I measured the time on reading the function offset table section and reading the entire profile, not the compilation time. The other steps in the compilation pipeline are expected to take up a much longer time than reading the profile (actually only the function table is always being read, the samples are read only if they match some functions in the source code), so we need to have a common ground on what's being measured.

The objective of this series of patch is to improve the profile reader (of course need to make sure the overall compilation time is improved as well).

Interesting. @williamjhuang can you double check your measurement ? If the improvement can be reproduced, do some profiling and understand where the performance come from is useful.

I measured the time on reading the function offset table section and reading the entire profile, not the compilation time. The other steps in the compilation pipeline are expected to take up a much longer time than reading the profile (actually only the function table is always being read, the samples are read only if they match some functions in the source code), so we need to have a common ground on what's being measured.

The objective of this series of patch is to improve the profile reader (of course need to make sure the overall compilation time is improved as well).

The e2e compilation should still see reduced instructions and cycles. Can you collect e2e data for more compilations (and also report profile size)? While the slowest compilation determines the build latency, the goal here is to save build pool's utilization, so you don't have to pick the slowest compilations for measurement.

@weiwang Have you tried to generate a flame graph showing how much time each function takes?

I didn't collect this for the measurement.

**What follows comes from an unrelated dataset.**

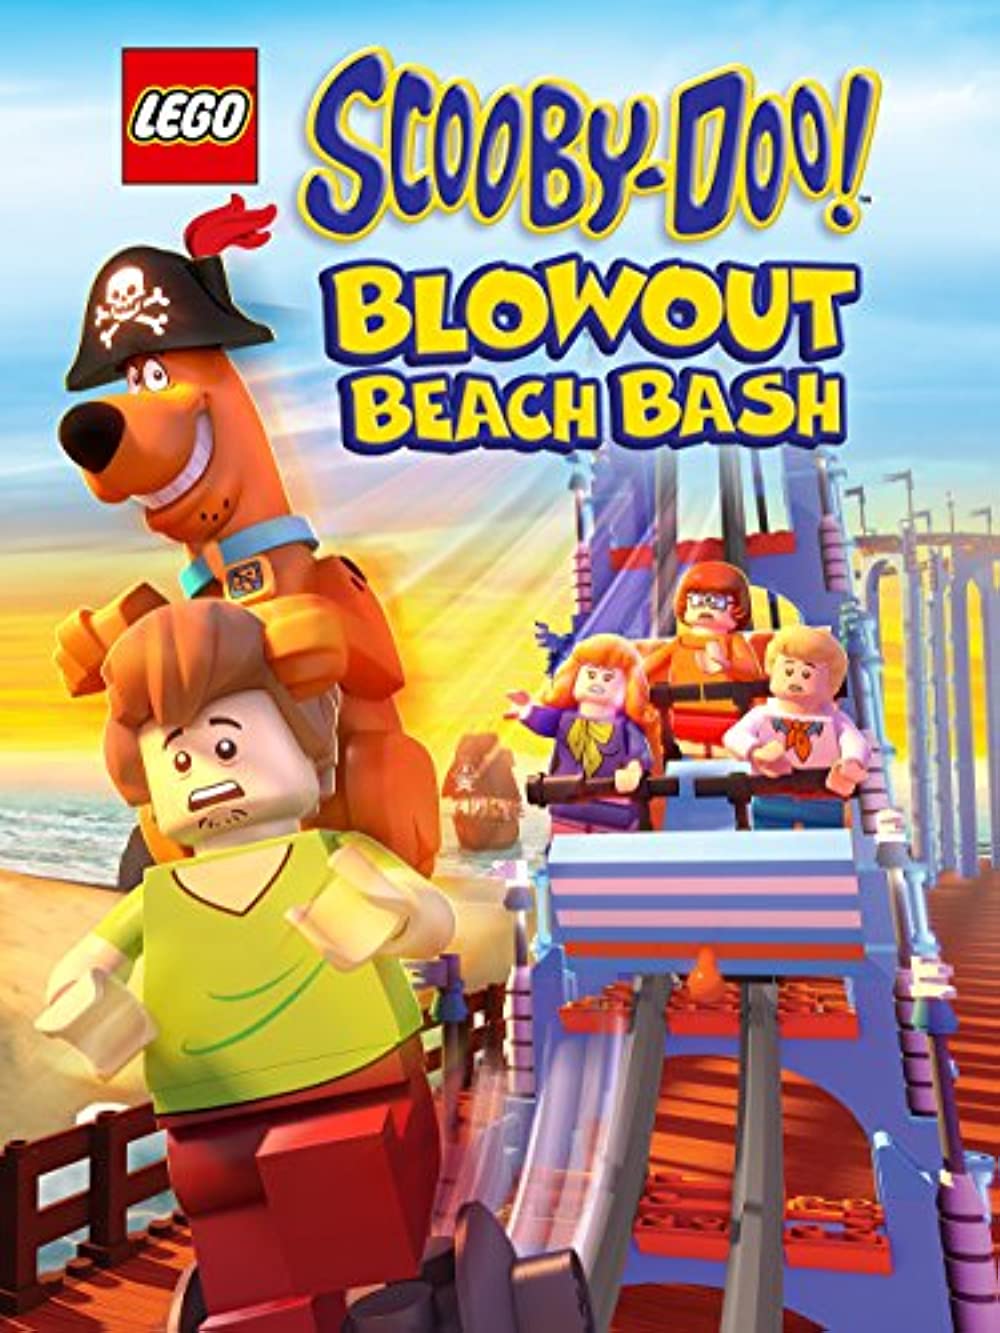 LEGO Scooby-Doo! Blowout Beach Bash (2017) เลโก้ สคูบี้ดู ตะลุยหาดปีศาจโจรสลัด พากย์ไทย

I think this change is pretty isolated to the loader pass, so if there is a win, it would show up in the e2e compilation.

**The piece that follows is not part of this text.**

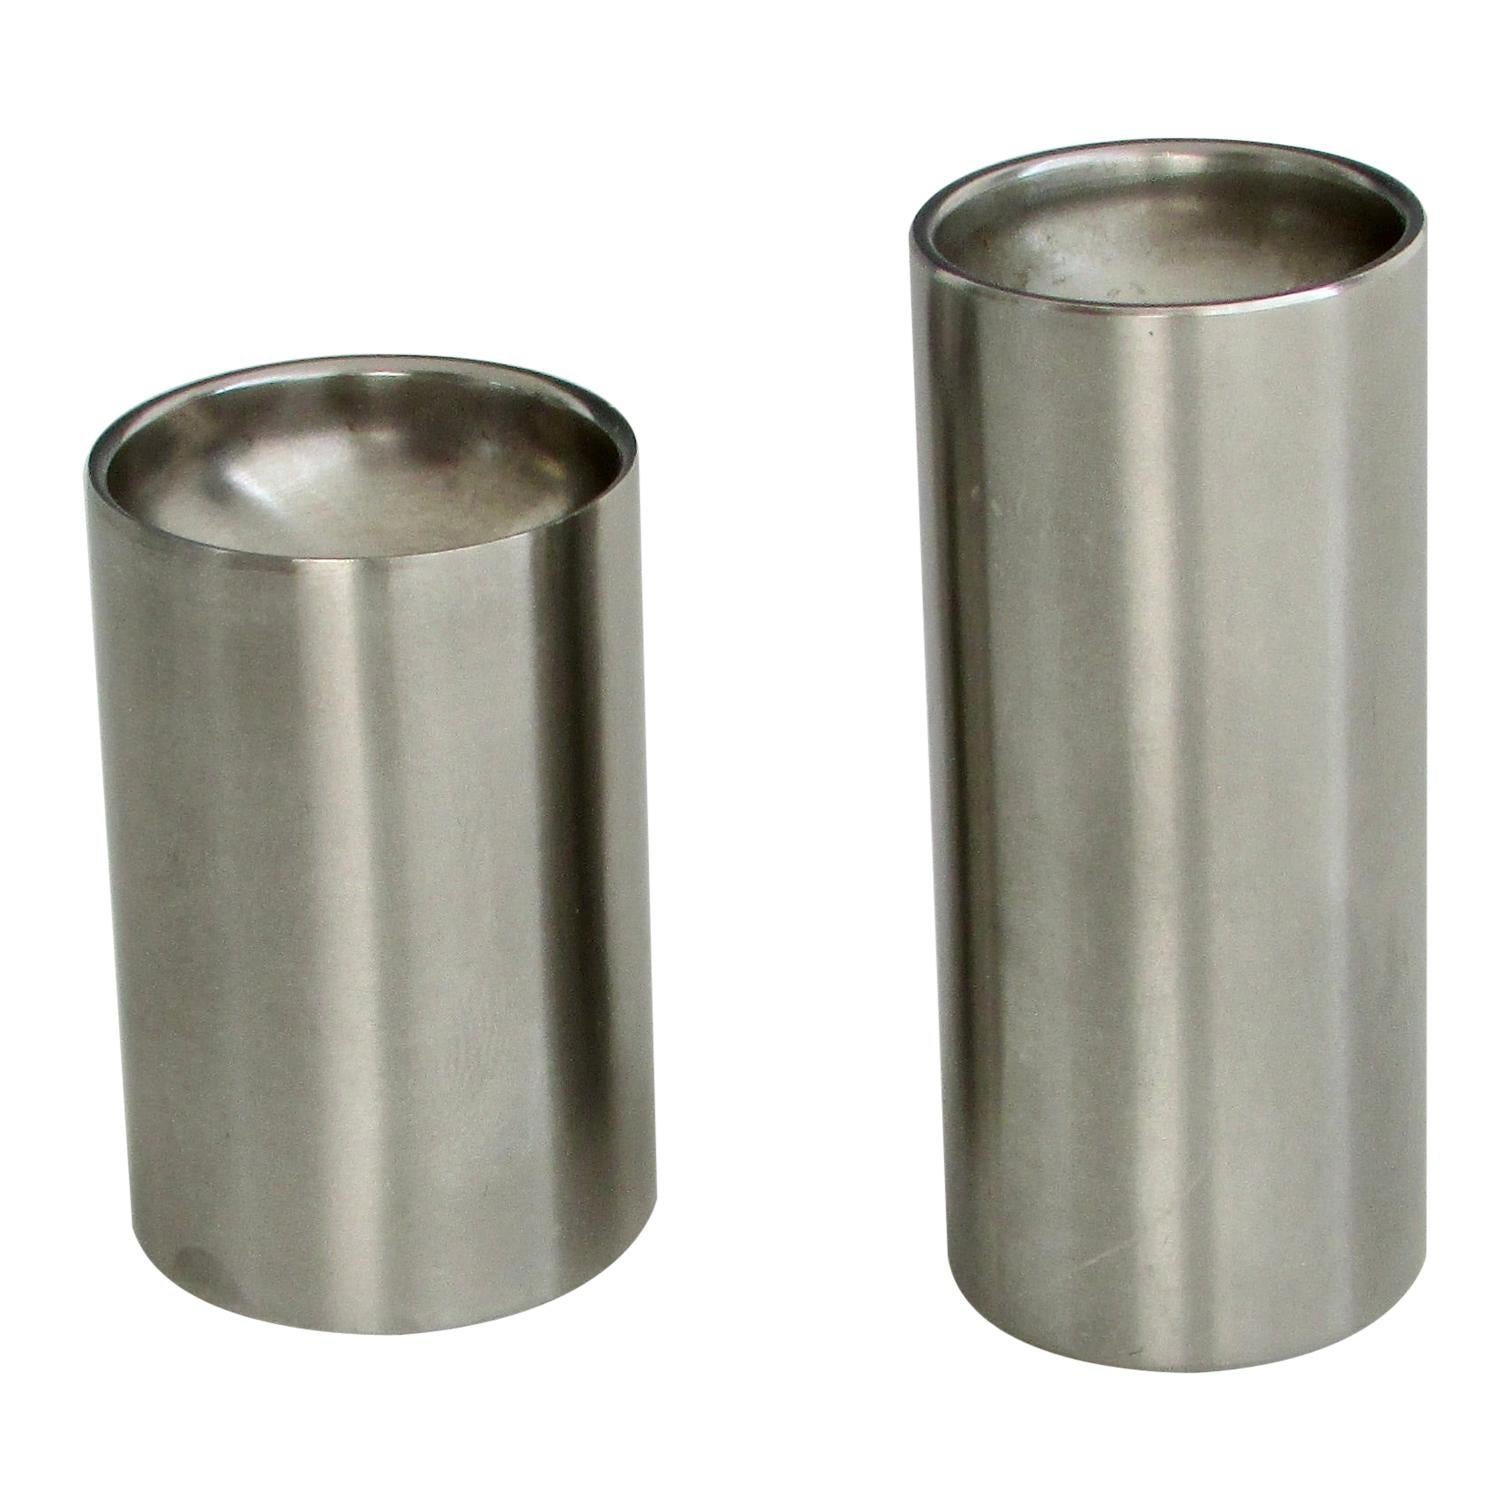 Arne Jacobsen for Stelton Stainless Steel Cylinder Salt Pepper Shakers Denmark

I'll take a few cases and report back.

@weiwang Have you tried to generate a flame graph showing how much time each function takes?

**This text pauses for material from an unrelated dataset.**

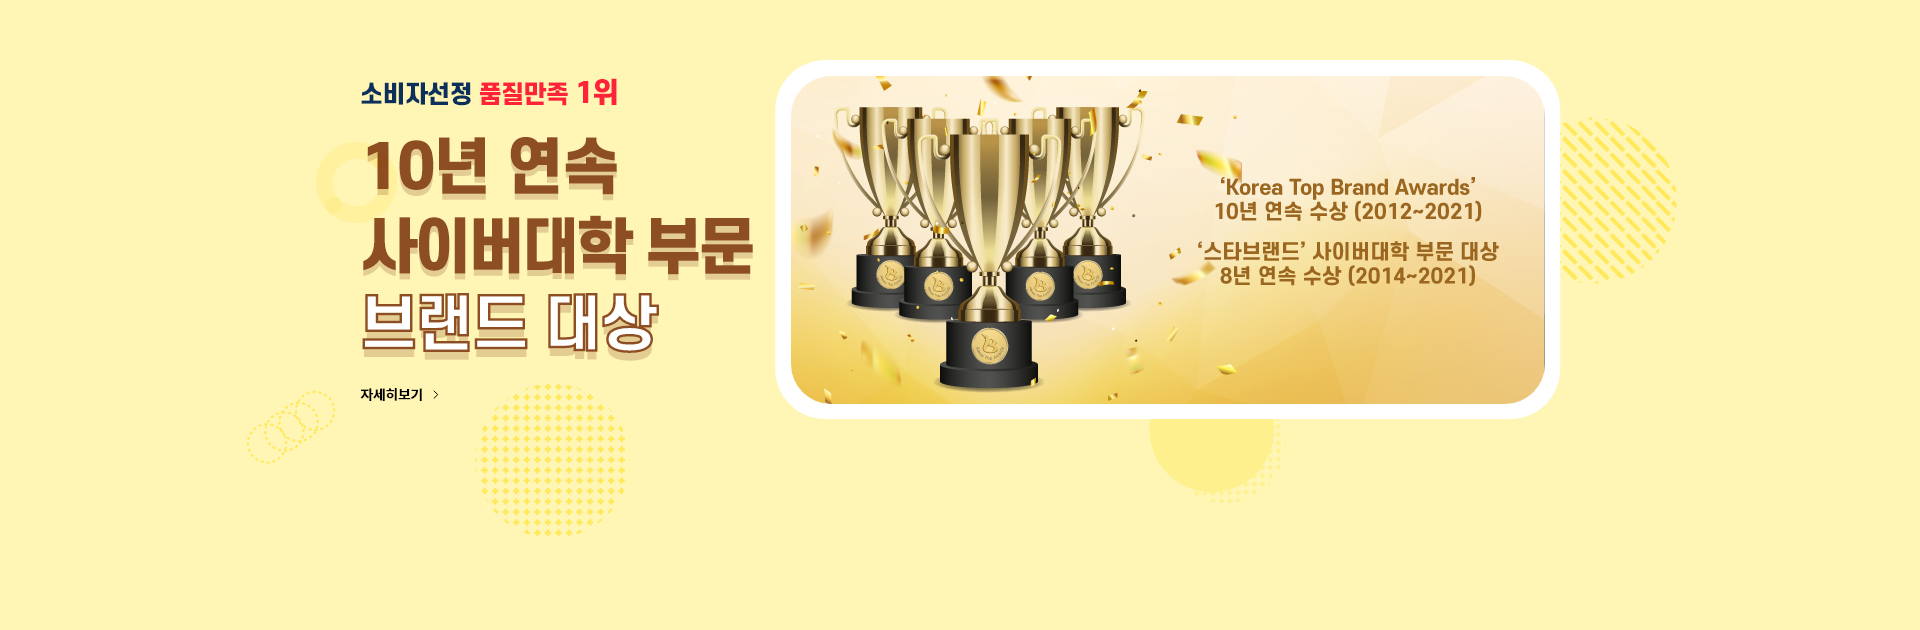 소비자 선정 품질만족 1위, 10년 연속 사이버대학 부문 브랜드 대상, 'Korea Top Brand Awards' 10년 연속 수상(2012년 ~ 2021년), '스타브랜드' 사이버대학 부문 대상 8년 연속 수상(2014년 ~ 2021년)

I didn't collect this for the measurement. I think this change is pretty isolated to the loader pass, so if there is a win, it would show up in the e2e compilation.

I'll take a few cases and report back.

and at the end of the day e2e is what we care about, no?

This brings up to 8% speed up (31.4s vs 29.0s) when reading a large test profile, and 5% speedup (0.82s vs 0.78s) when reading the function offset table alone.

@huangjd what were you measuring exactly? is that the total wall clock / cycles for SampleProfileLoader for all modules, or were you just measuring SampleProfileReader time? From the line above, it sounds like you were measuring the latter. However, the impact of changing a container is not limited the creation of that container.

So measuring SampleProfileLoader would give us a more accurate picture of overall impact, including container construction (which is SampleProfileReader), updating and consumption (which are other parts of SampleProfileLoader).

OTOH, if the impact on SampleProfileLoader is significant, we should be able to see a difference in e2e compilation. I agree that in the end e2e compilation is what matters.

This brings up to 8% speed up (31.4s vs 29.0s) when reading a large test profile, and 5% speedup (0.82s vs 0.78s) when reading the function offset table alone.

@huangjd what were you measuring exactly? is that the total wall clock / cycles for SampleProfileLoader for all modules, or were you just measuring SampleProfileReader time? From the line above, it sounds like you were measuring the latter. However, the impact of changing a container is not limited the creation of that container.

So measuring SampleProfileLoader would give us a more accurate picture of overall impact, including container construction (which is SampleProfileReader), updating and consumption (which are other parts of SampleProfileLoader).

OTOH, if the impact on SampleProfileLoader is significant, we should be able to see a difference in e2e compilation. I agree that in the end e2e compilation is what matters.

true.

However, when picking the compilations to examine, the slowest ones may not be the good candidate -- as they are likely triggering pathological compile time issue elsewhere thus makes profile loading less significant.

William's experiment may also have FSAFDO on, thus have more rounds of loading.